Optimization of hydrotransport system parameters taking into account reliability criteria
DOI:
https://doi.org/10.34185/1562-9945-5-160-2025-14Keywords:
hydraulic transportation systems, reliability, waterjet wear, stochastic modeling, pipeline, submersible pump, maintenance, efficiency, optimization, industrial operationAbstract
The article explores the problem of improving the reliability and efficiency of hydrotransport systems, which play a crucial role in many industrial processes involving the movement of large volumes of solid-liquid mixtures. These systems operate under complex conditions, being exposed to intensive hydroabrasive wear and variable loads. Recent studies highlight the need to move beyond traditional deterministic models that estimate average wear, as they fail to capture the stochastic nature of degradation under real operating conditions.

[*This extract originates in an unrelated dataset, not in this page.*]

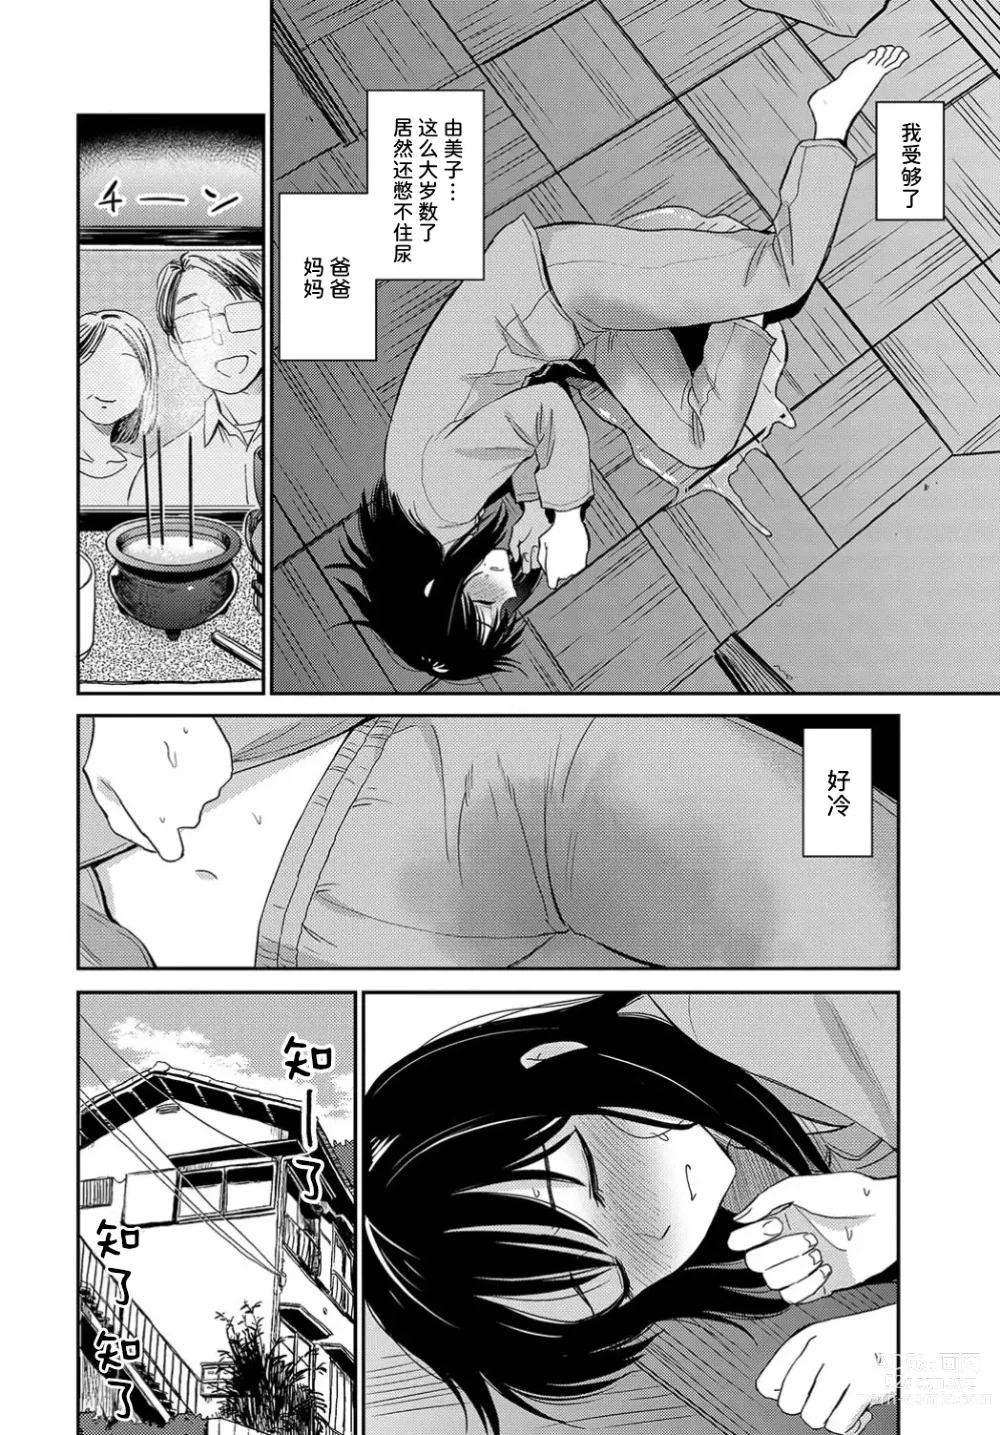 Page 5 of manga 感冒

Instead, probabilistic models based on the theory of stochastic processes and Markov chains have proven effective in predicting the reliability and remaining service life of pipelines and slurry pumps.
The aim of the study is to enhance the operational reliability of hydrotransport systems by developing mathematical and optimization models that consider the randomness of wear and performance parameters. Particular attention is given to selecting rational configurations of pump stations and determining system layouts that minimize risks of failure. The methodology integrates monitoring of hydraulic parameters, statistical analysis of wear data, and modeling of component failures.
The research results demonstrate that modeling hydroabrasive wear as a stochastic process with independent increments enables more accurate prediction of service life and failure probability. The paper presents analytical expressions for key reliability indicators and illustrates how different system configurations—single-stage, multi-stage, with or without redundancy—impact overall system availability. Optimization techniques, including nonlinear programming and simulation, are applied to determine ideal pump placement and sump volume. The proposed approach offers practical recommendations for maintenance scheduling, spare part management, and cost-effective system design. It is concluded that accounting for stochastic factors significantly enhances system resilience and economic performance in long-term operation.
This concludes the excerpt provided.